*WORK TO BE COMPLETED*. In the entries that follow, find the line containing "Smartliner Mercedes Benz" and the line containing "Svenskarna i sina", then copy exactly everything from the first through the second except the pictures.

*DATA*.
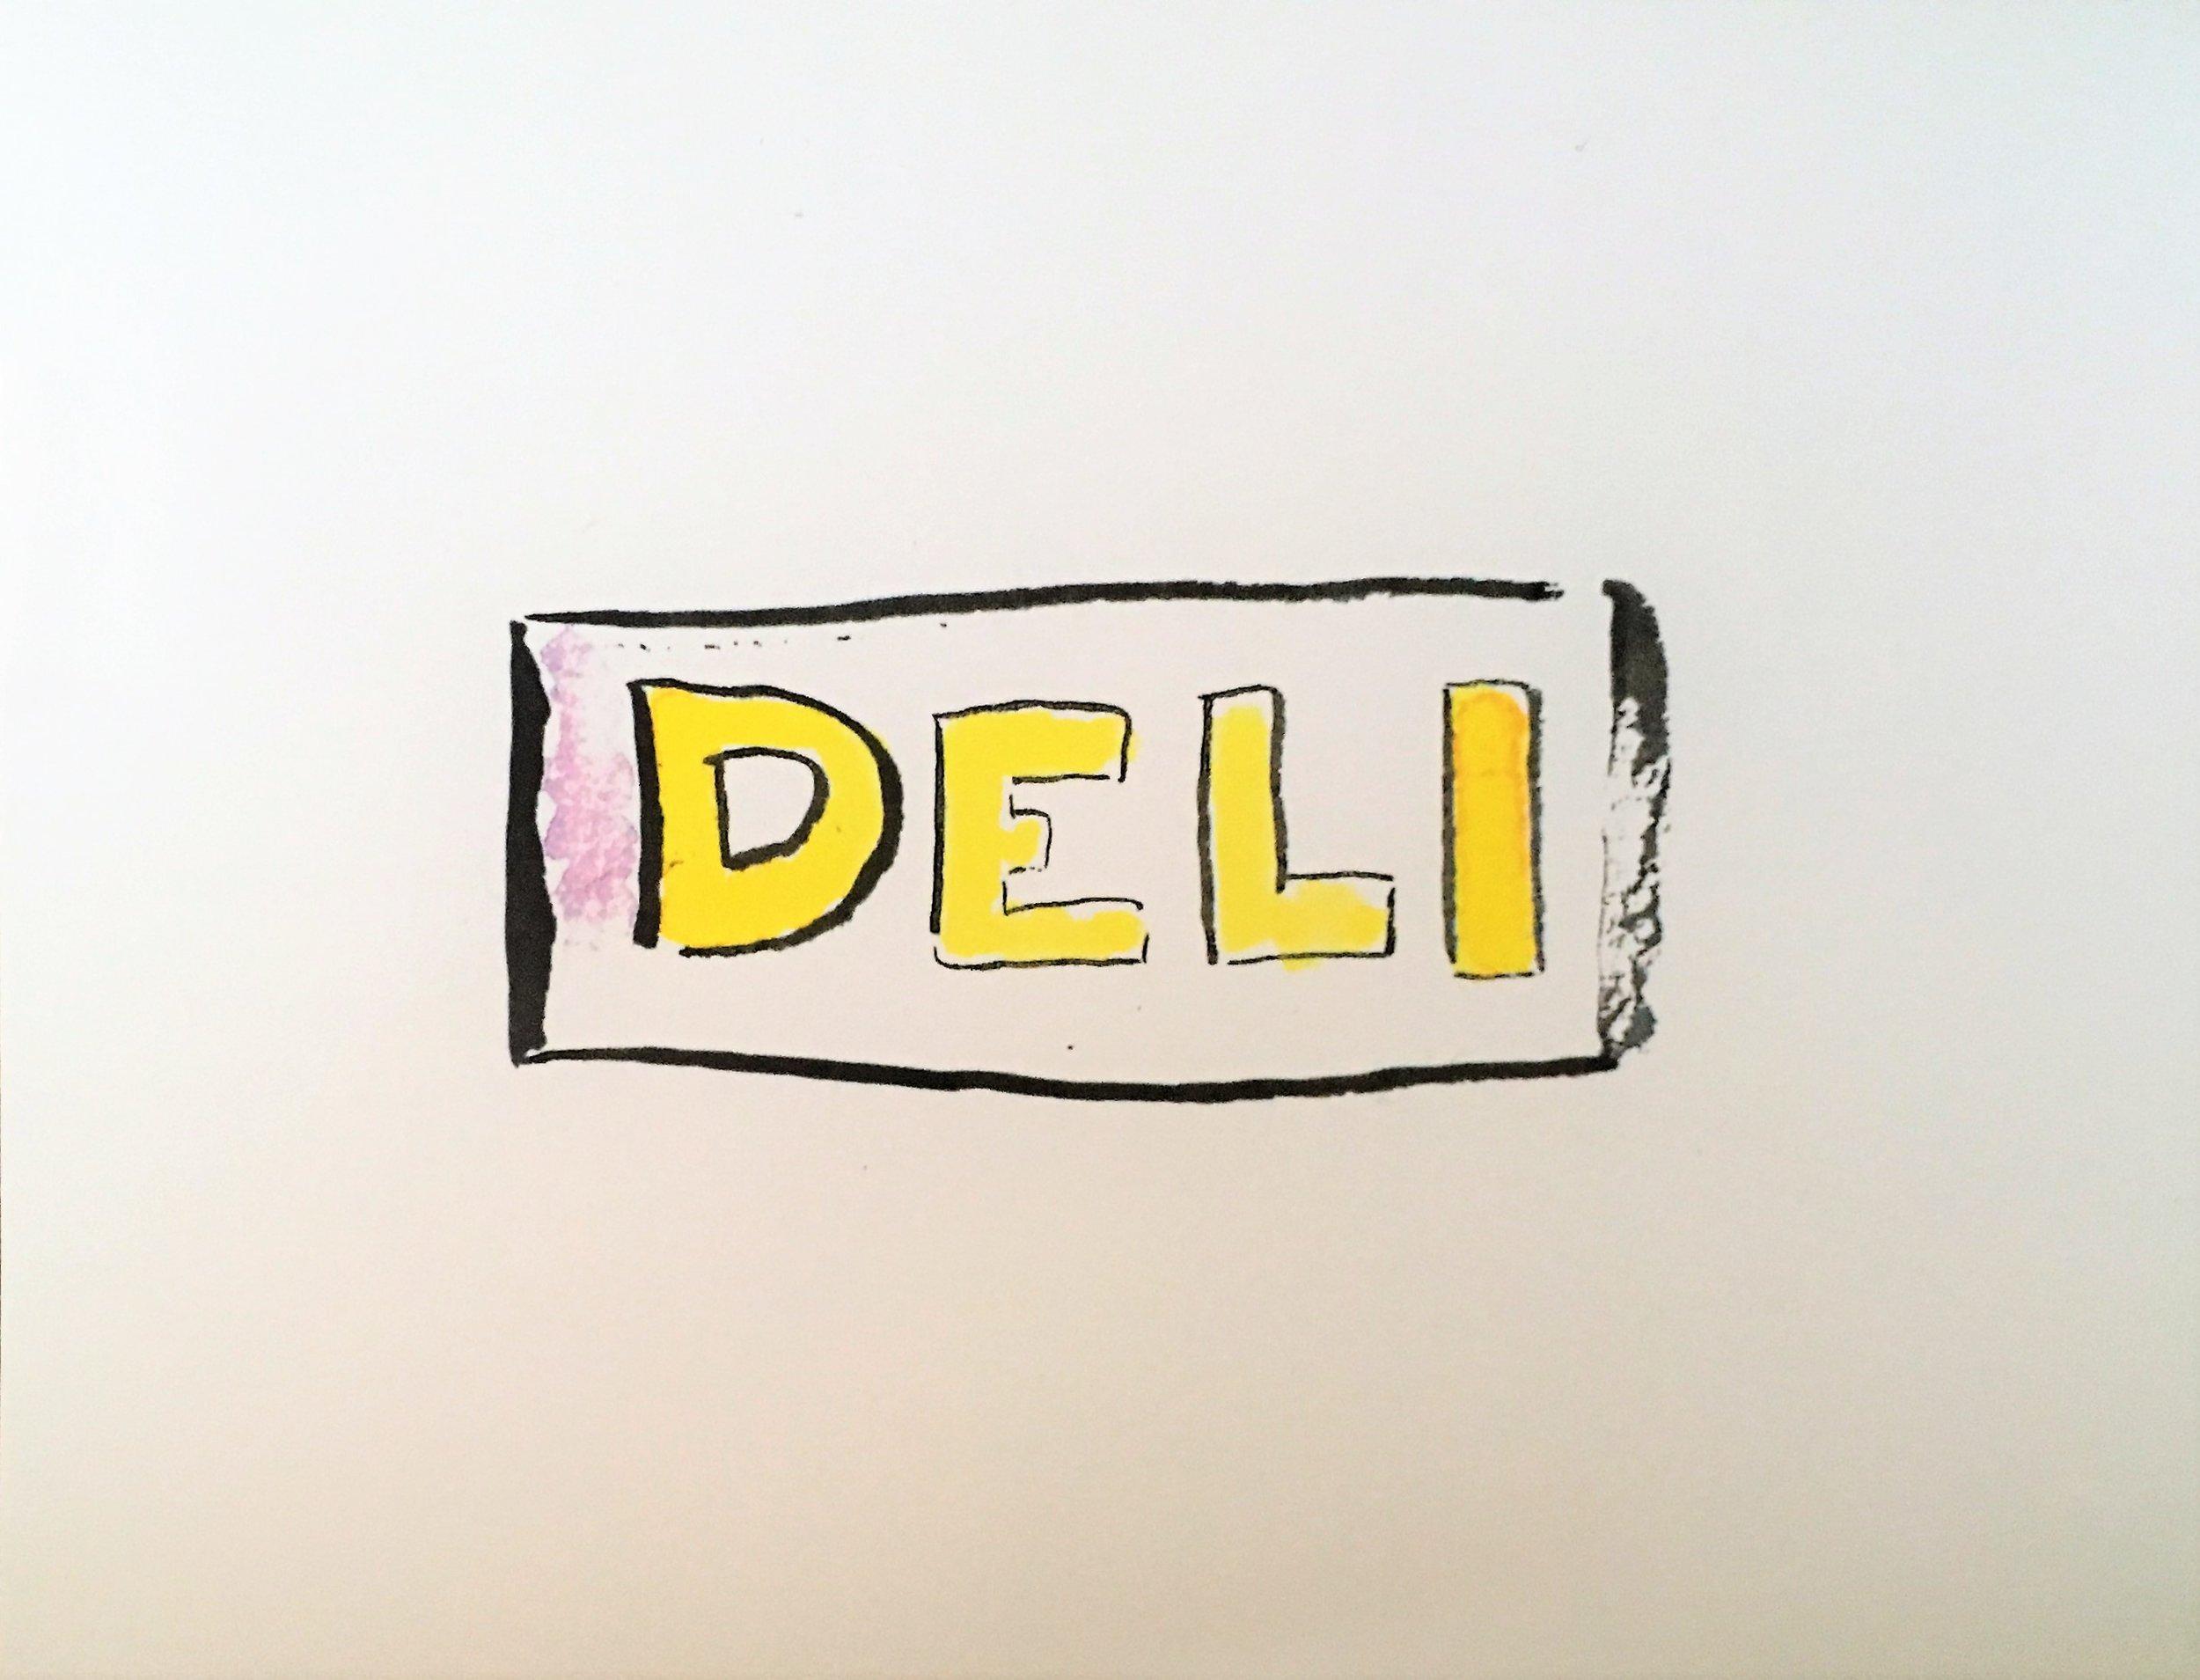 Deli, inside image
---
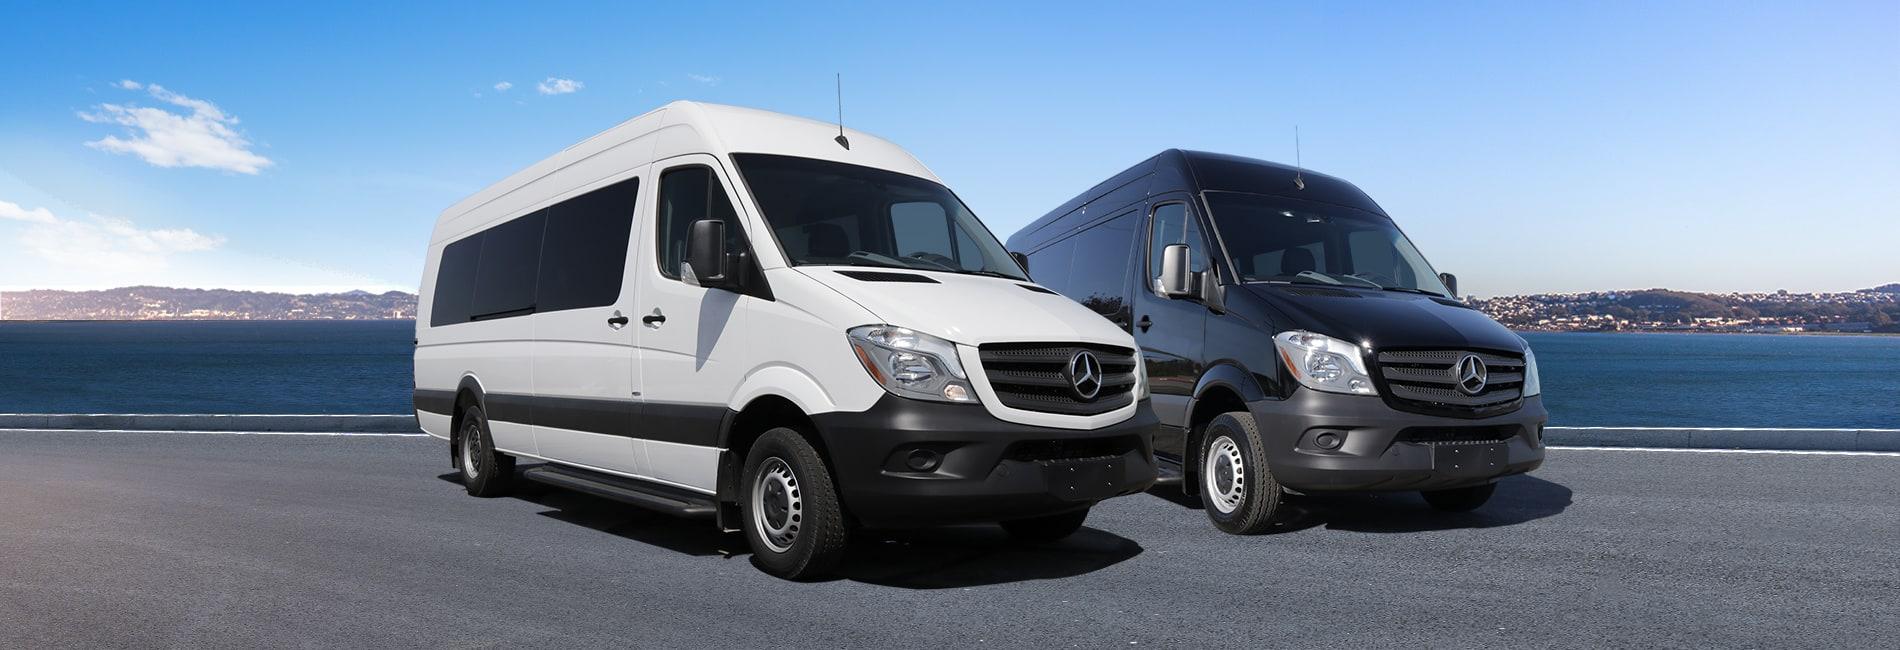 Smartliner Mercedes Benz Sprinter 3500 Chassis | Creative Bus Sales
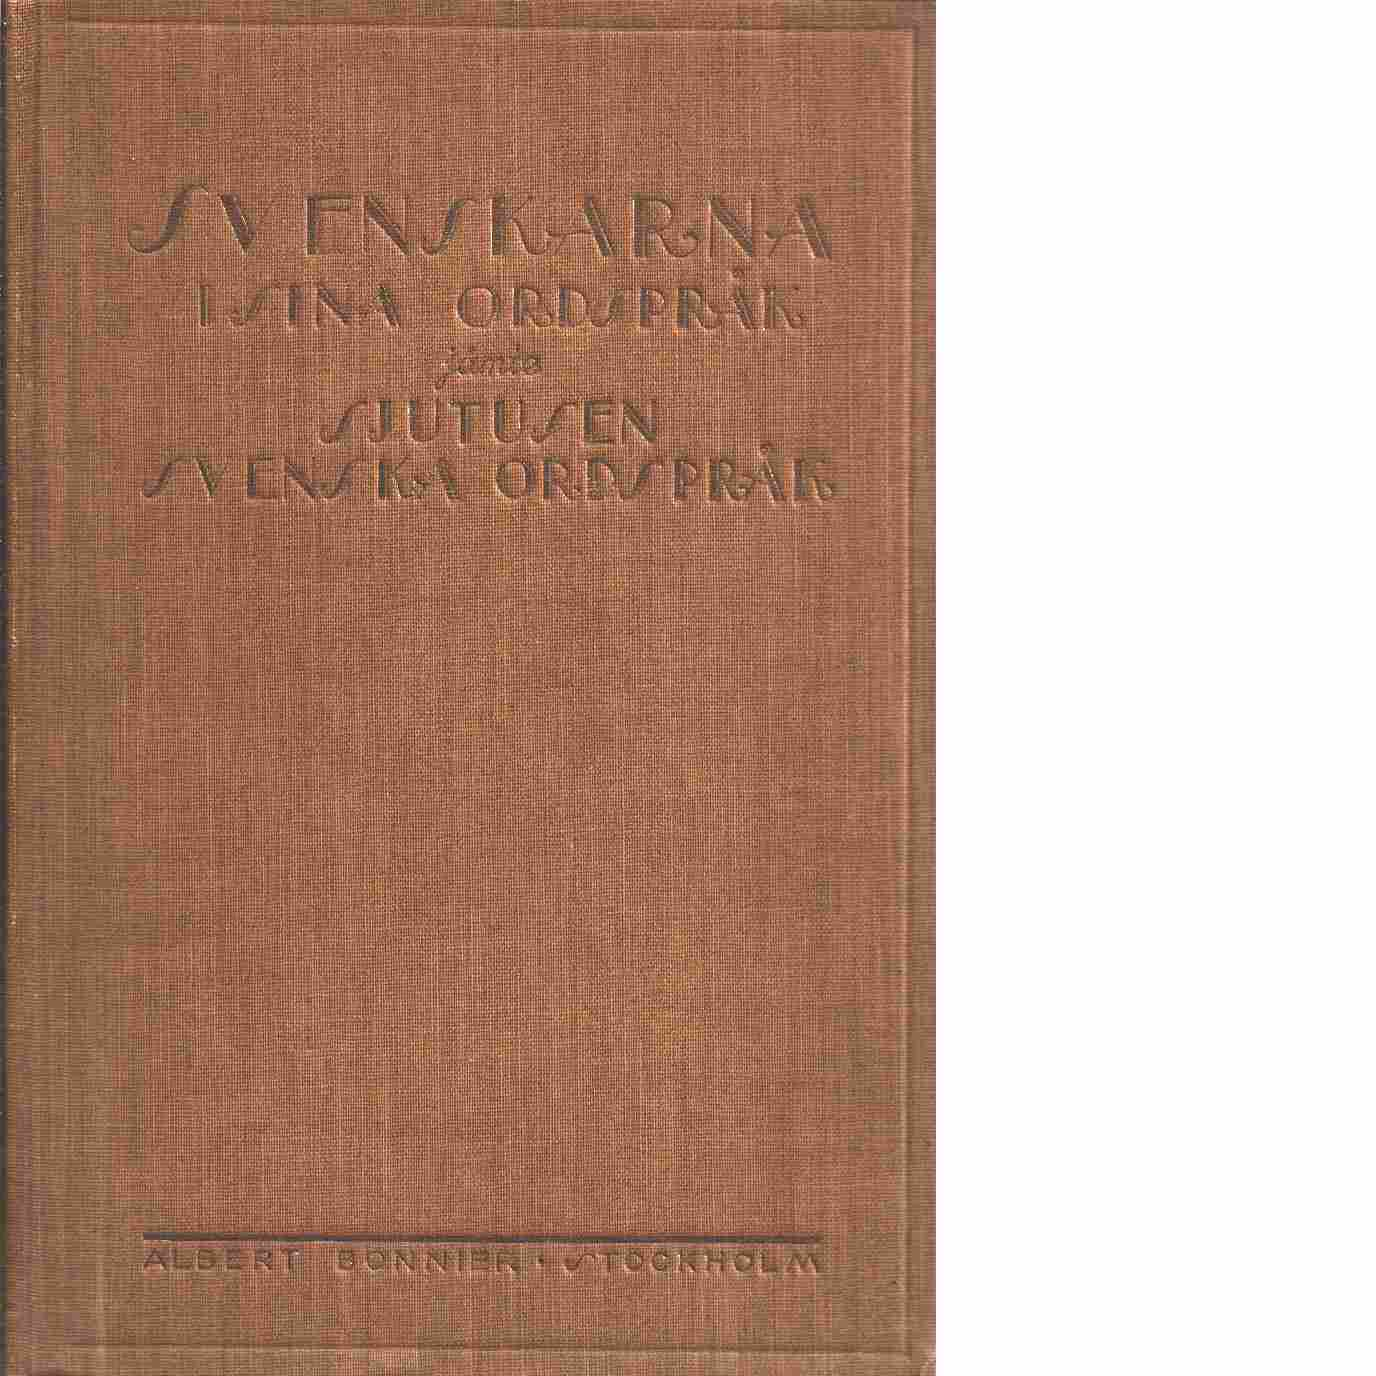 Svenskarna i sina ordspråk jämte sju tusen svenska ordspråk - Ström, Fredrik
...
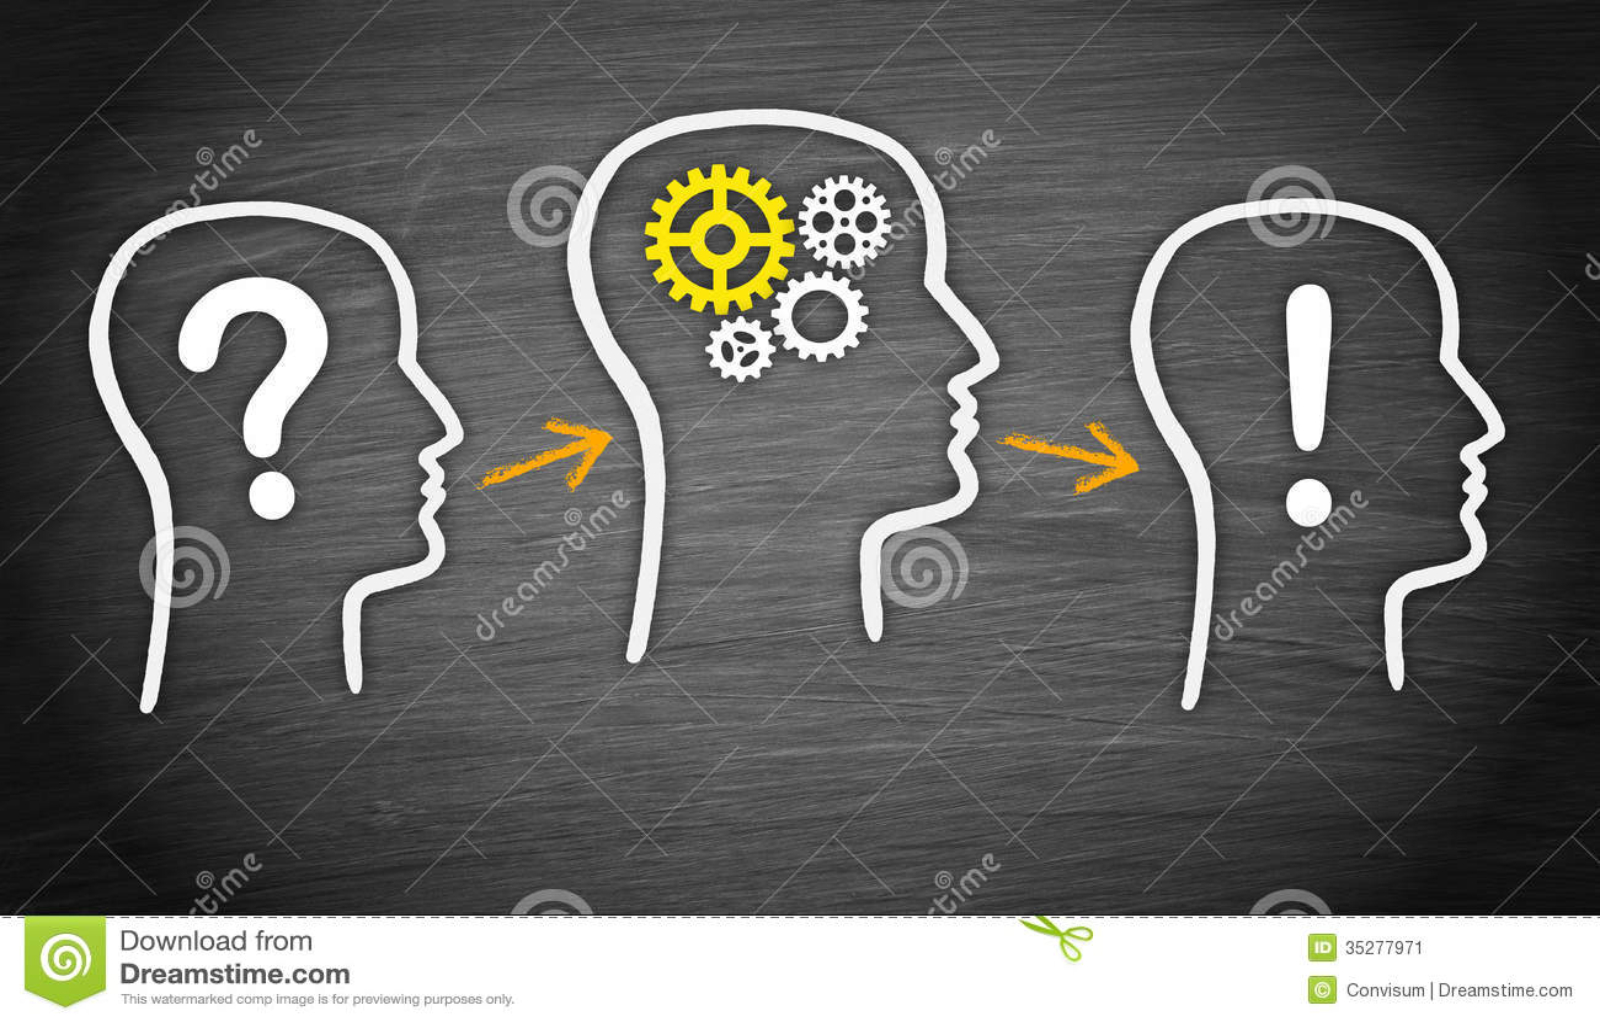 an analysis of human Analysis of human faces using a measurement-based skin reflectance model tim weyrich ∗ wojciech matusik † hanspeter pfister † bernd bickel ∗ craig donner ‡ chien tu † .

*SOLUTION*.
 Smartliner Mercedes Benz Sprinter 3500 Chassis | Creative Bus Sales
 Svenskarna i sina ordspråk jämte sju tusen svenska ordspråk - Ström, Fredrik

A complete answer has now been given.